(WORK INSTRUCTIONS)
Filter the data for "style" and copy matching lines.

(Records contained in a dataset)
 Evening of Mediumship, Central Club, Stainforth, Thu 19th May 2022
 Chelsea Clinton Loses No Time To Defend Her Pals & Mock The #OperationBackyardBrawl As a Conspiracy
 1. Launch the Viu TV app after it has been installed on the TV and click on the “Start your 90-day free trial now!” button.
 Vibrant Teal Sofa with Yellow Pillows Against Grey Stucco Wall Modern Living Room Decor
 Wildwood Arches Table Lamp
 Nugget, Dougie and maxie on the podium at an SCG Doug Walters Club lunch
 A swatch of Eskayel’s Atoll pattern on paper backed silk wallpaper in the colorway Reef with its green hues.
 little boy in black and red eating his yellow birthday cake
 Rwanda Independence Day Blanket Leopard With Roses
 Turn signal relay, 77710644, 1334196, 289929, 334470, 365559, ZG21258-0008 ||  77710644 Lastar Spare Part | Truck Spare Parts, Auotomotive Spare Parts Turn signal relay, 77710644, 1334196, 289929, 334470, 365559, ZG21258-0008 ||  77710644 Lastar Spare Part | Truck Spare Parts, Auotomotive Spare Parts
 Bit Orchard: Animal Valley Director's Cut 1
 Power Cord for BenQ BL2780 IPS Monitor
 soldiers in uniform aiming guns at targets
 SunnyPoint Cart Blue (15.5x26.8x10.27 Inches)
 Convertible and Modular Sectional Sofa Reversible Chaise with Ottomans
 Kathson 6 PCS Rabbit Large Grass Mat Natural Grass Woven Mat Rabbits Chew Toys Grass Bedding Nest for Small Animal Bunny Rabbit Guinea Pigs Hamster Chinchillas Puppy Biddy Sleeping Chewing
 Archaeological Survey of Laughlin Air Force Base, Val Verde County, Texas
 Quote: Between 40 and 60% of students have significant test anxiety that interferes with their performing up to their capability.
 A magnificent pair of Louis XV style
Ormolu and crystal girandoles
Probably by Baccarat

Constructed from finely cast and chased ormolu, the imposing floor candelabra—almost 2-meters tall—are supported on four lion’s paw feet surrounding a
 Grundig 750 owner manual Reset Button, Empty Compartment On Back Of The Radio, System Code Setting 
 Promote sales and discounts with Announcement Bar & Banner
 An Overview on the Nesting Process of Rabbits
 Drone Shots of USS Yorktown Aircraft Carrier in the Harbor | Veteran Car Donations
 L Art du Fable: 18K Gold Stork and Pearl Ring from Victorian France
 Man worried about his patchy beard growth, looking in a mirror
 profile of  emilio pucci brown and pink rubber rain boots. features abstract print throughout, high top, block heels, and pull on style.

(RESULT FOR THIS EXERCISE)
 A magnificent pair of Louis XV style
 profile of  emilio pucci brown and pink rubber rain boots. features abstract print throughout, high top, block heels, and pull on style.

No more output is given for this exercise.